→ **How to complete this task**: Output the listing exactly as written, apart from its pictures.

→ **Supplied data**:

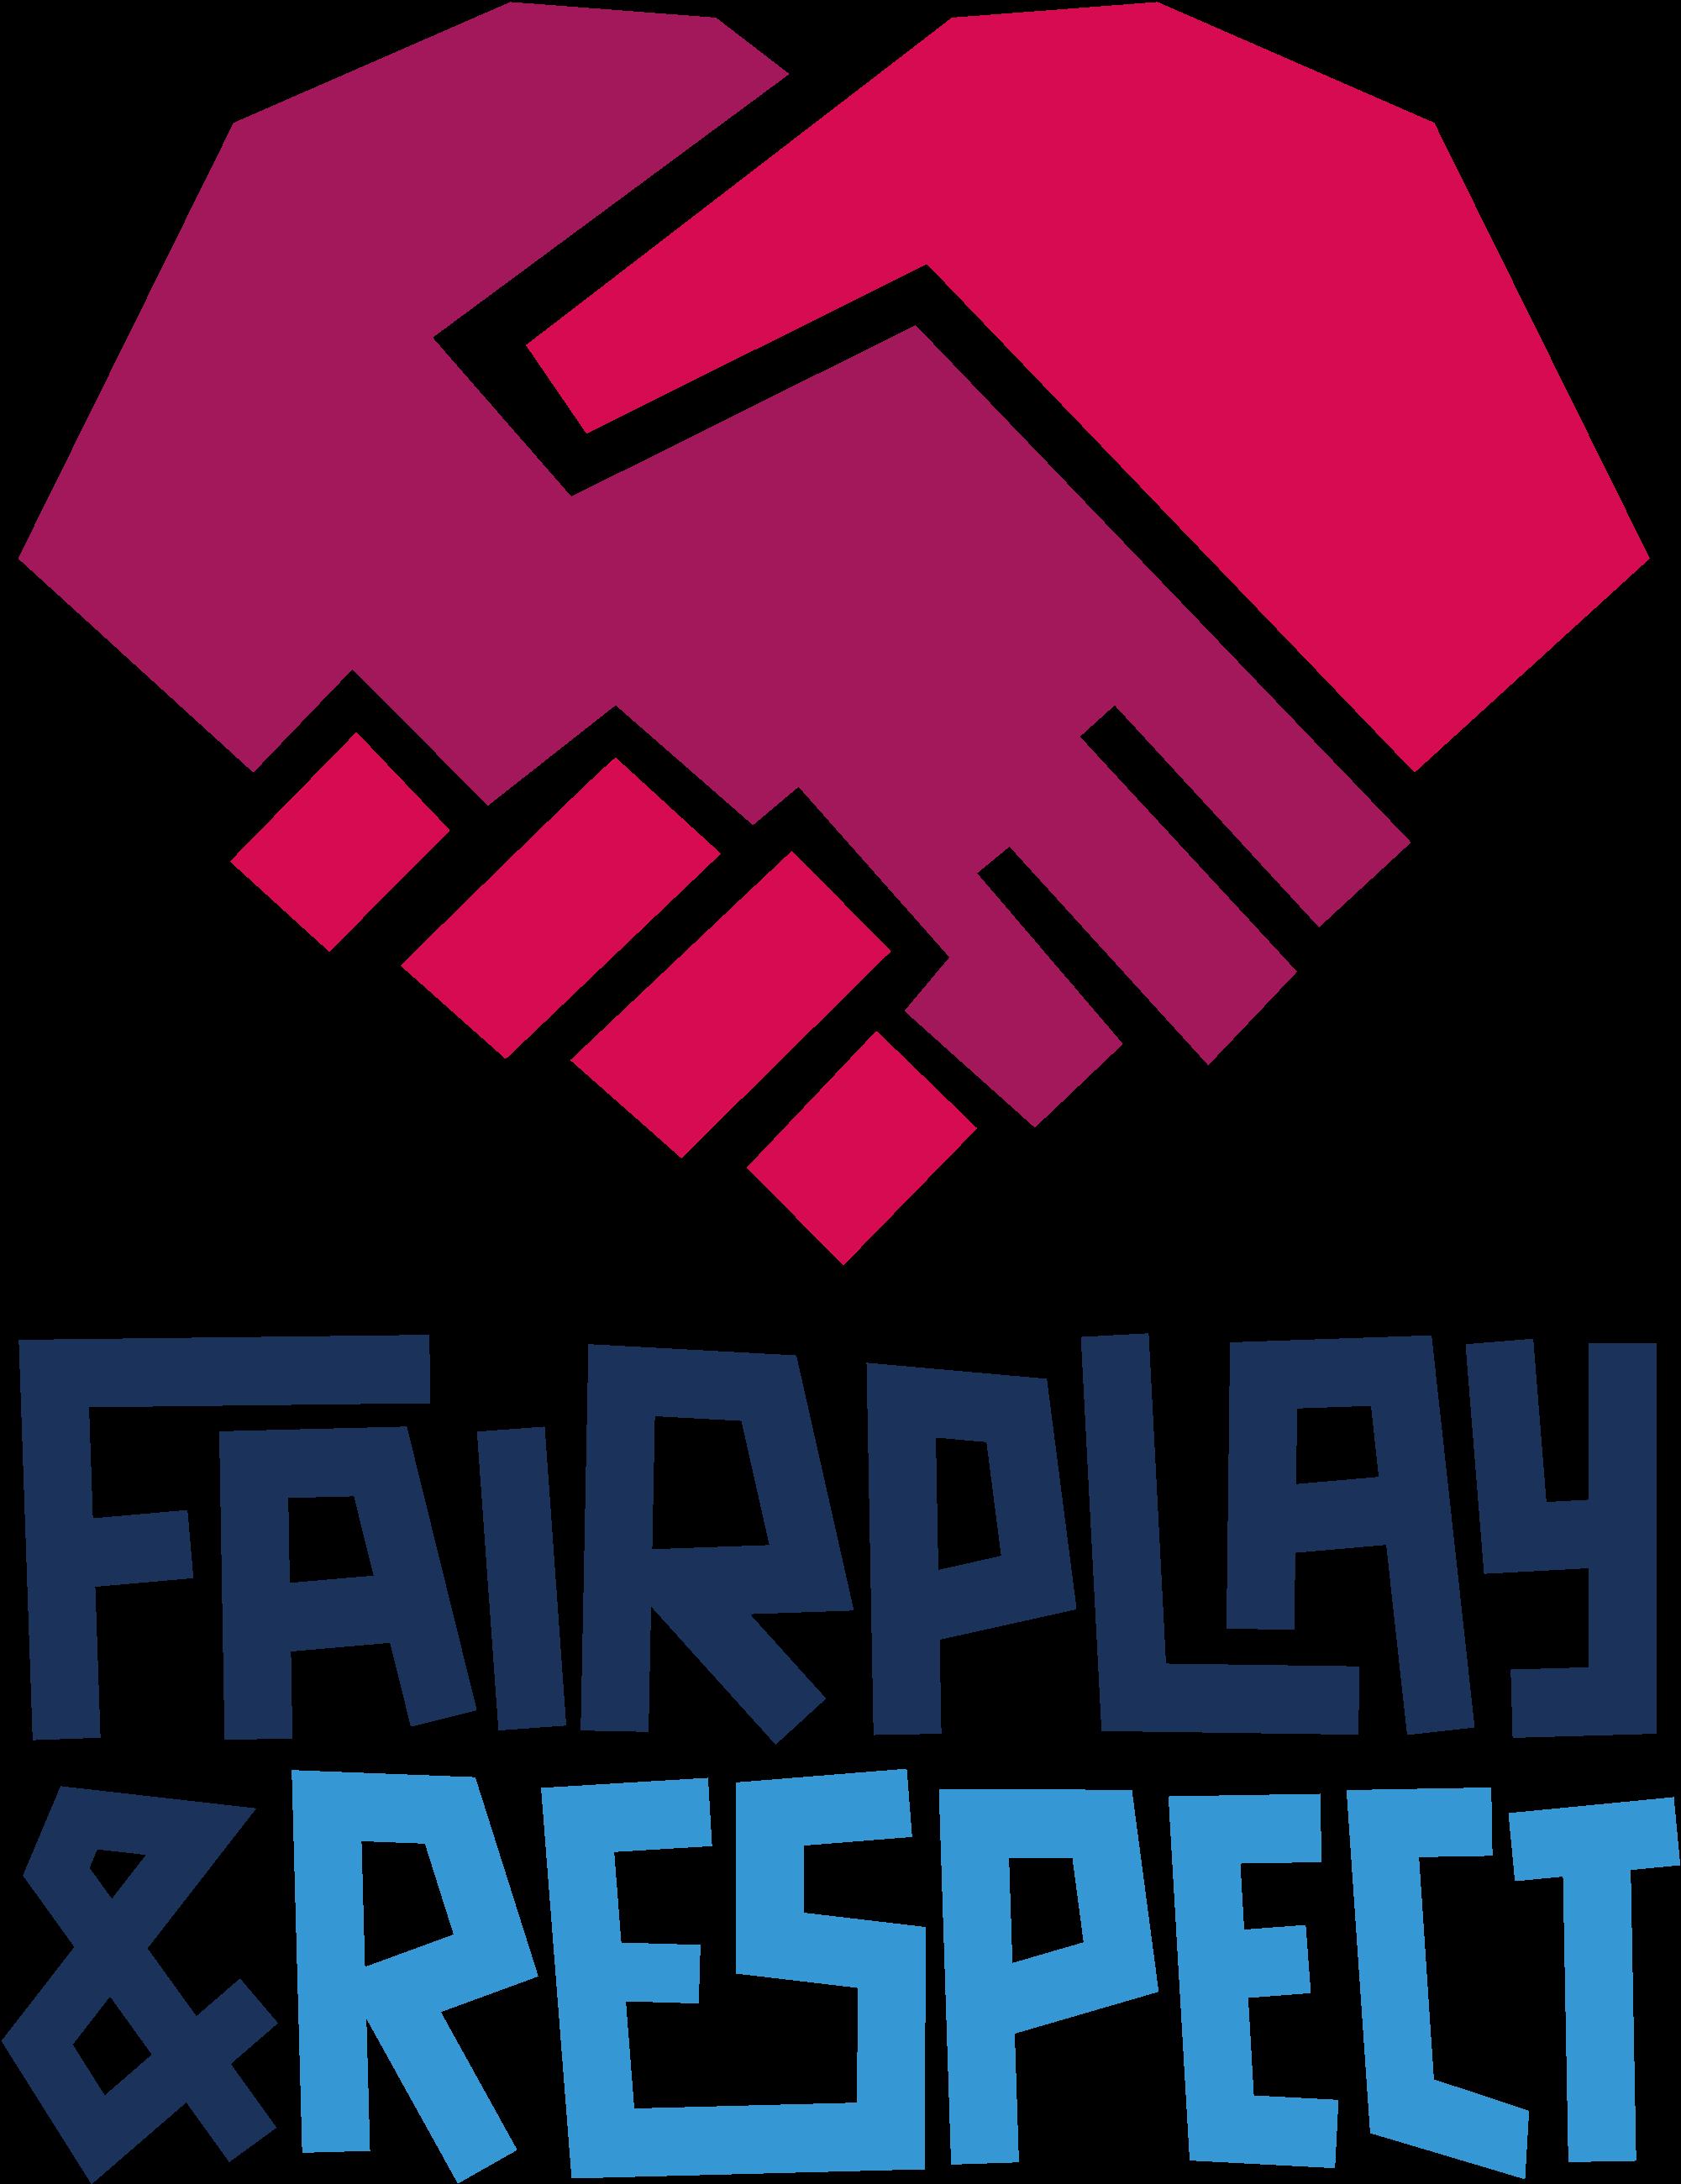 Ijnl fairplay logo staand kleur
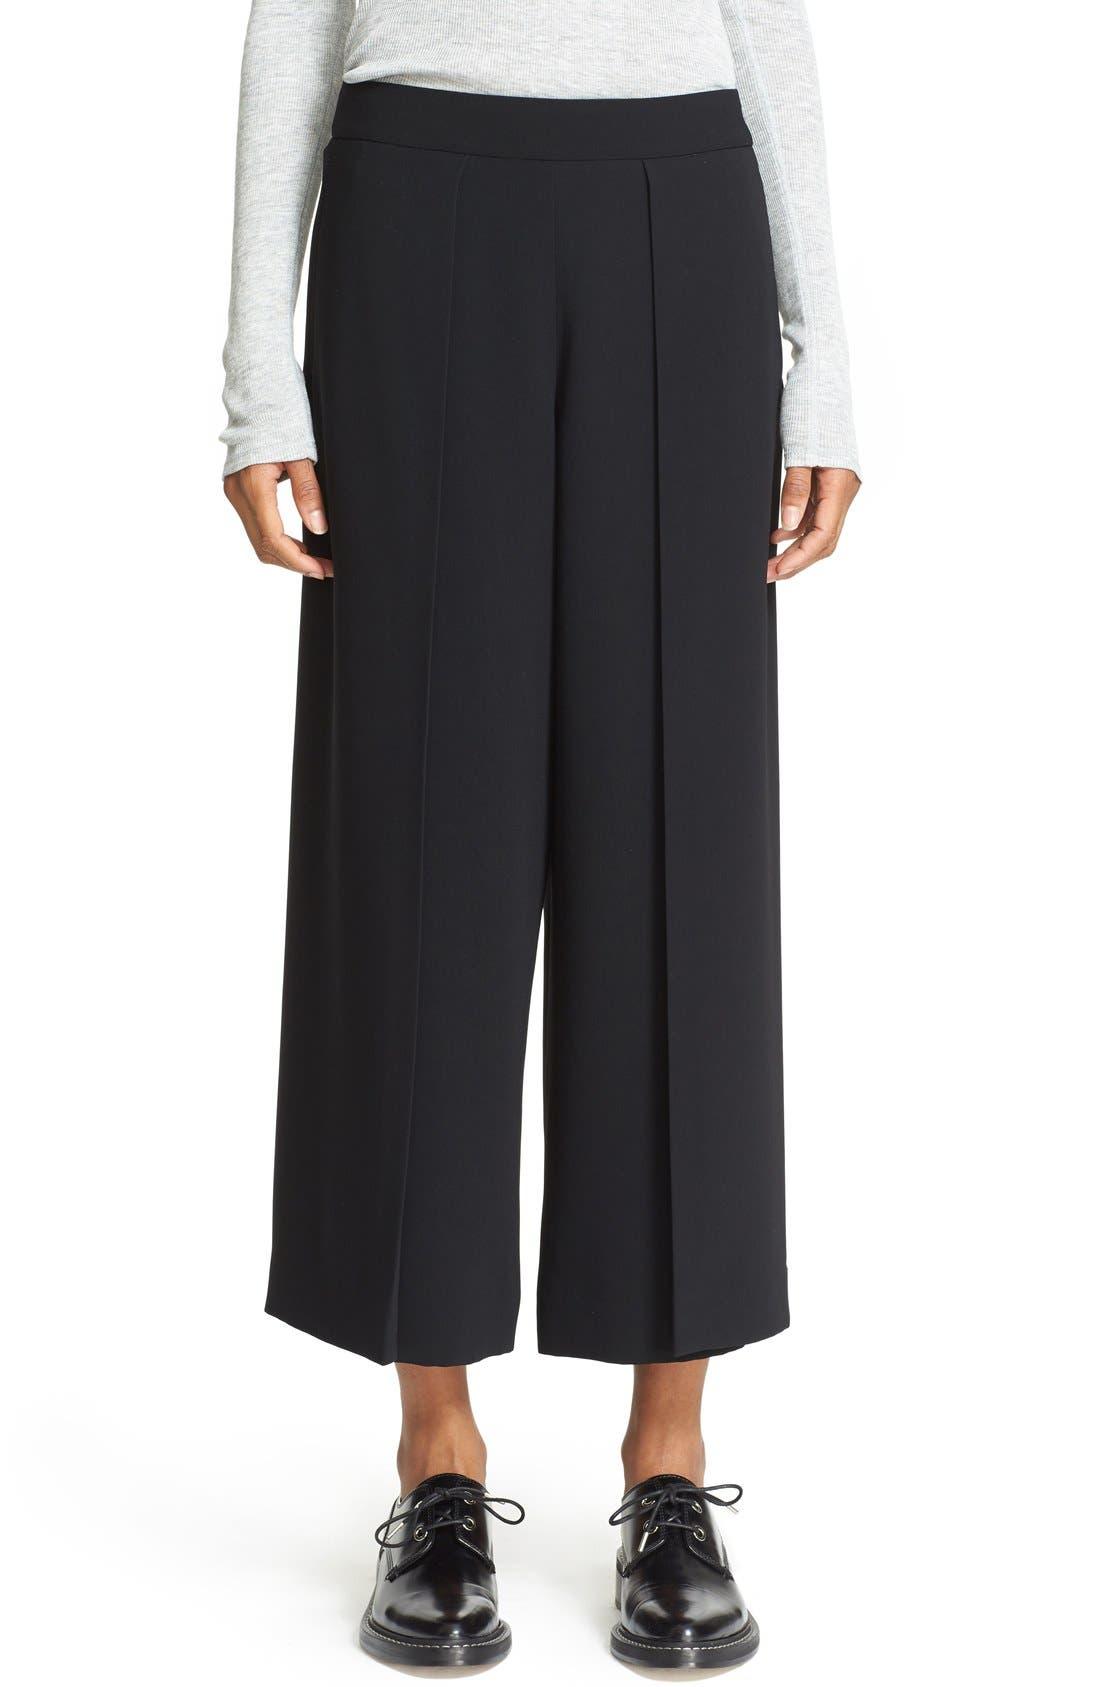 'Rowe' Pleat Crop Pants,                         Main,                         color, Black
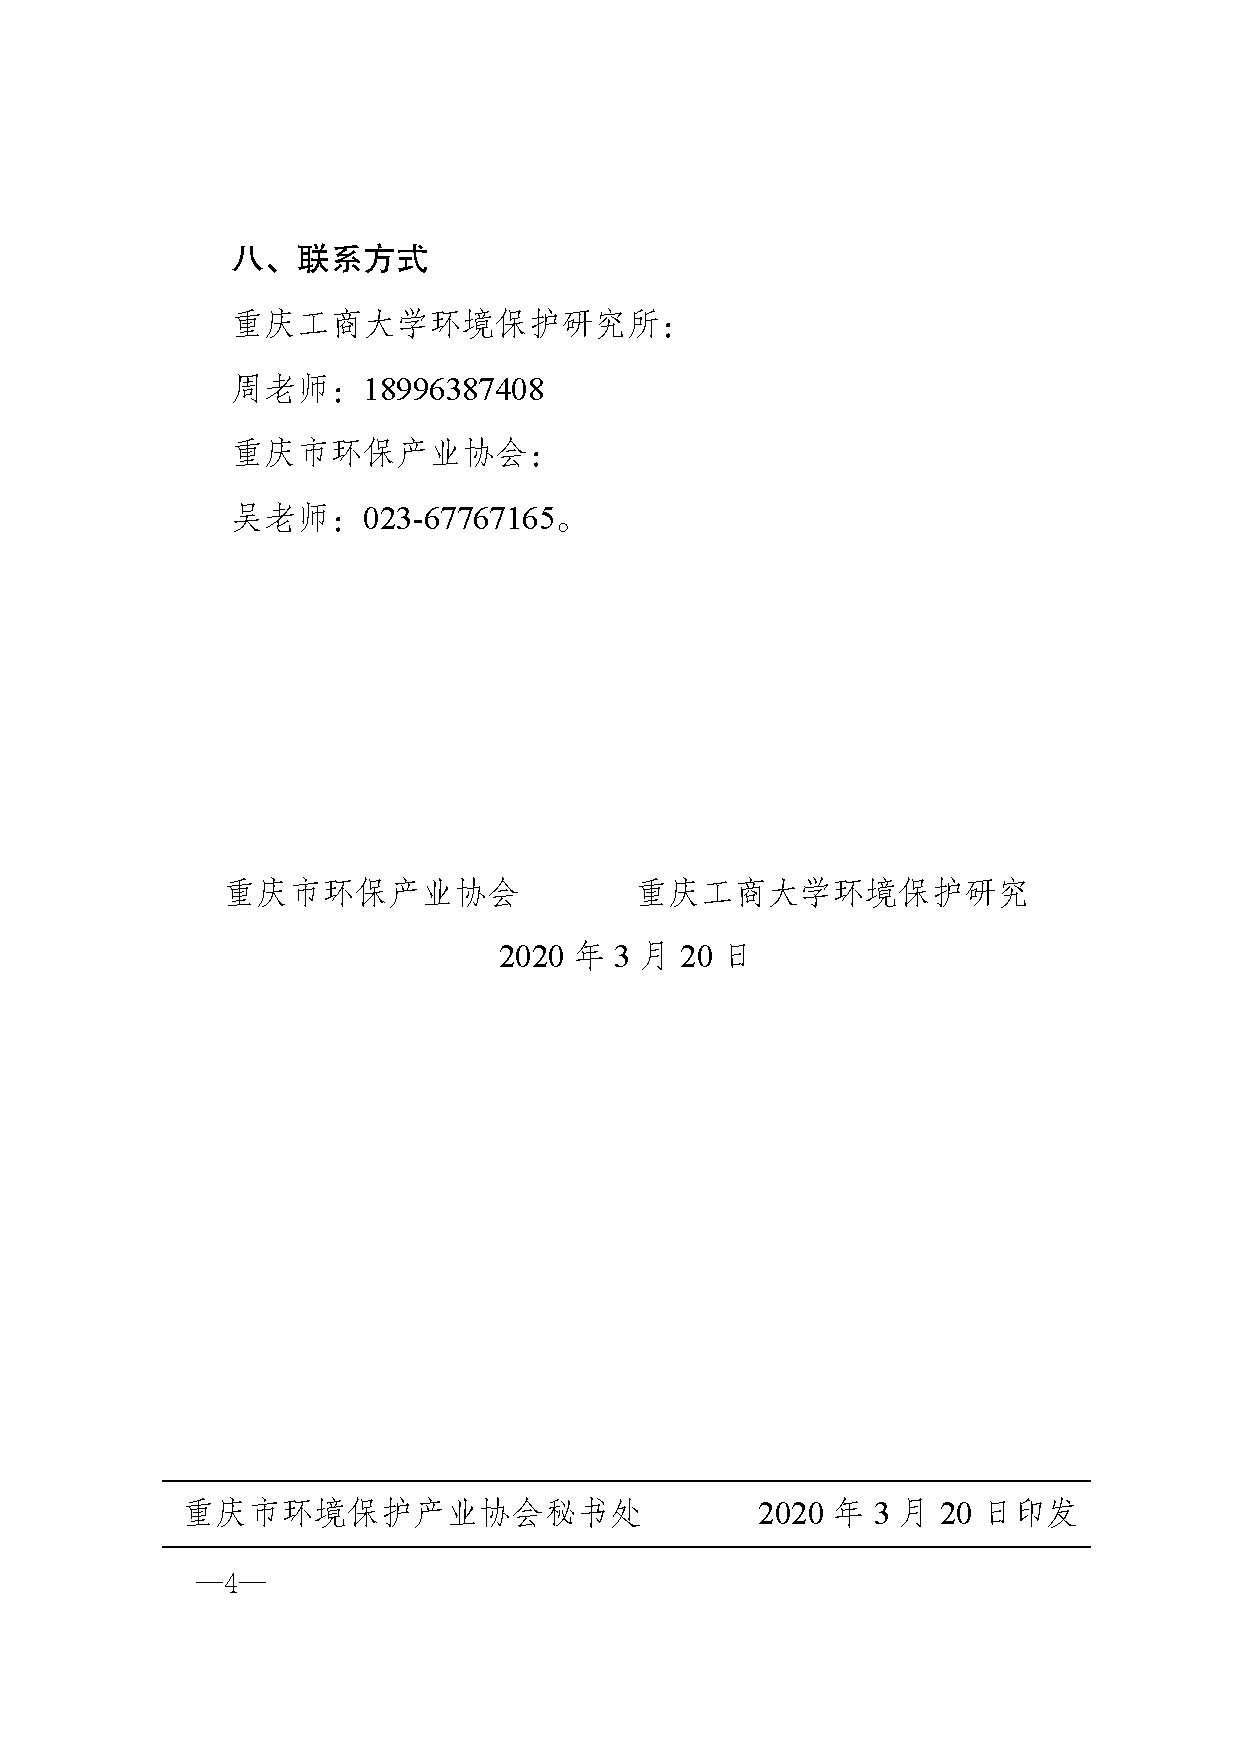 "OG真人网站重庆工商大学环境保护研究所关于举办""清洁生产审核培训班""的通知-渝环协〔2020〕7号-副本_页面_4"

→ **Exercise output**:
 Ijnl fairplay logo staand kleur
 'Rowe' Pleat Crop Pants,                         Main,                         color, Black
 "OG真人网站重庆工商大学环境保护研究所关于举办""清洁生产审核培训班""的通知-渝环协〔2020〕7号-副本_页面_4"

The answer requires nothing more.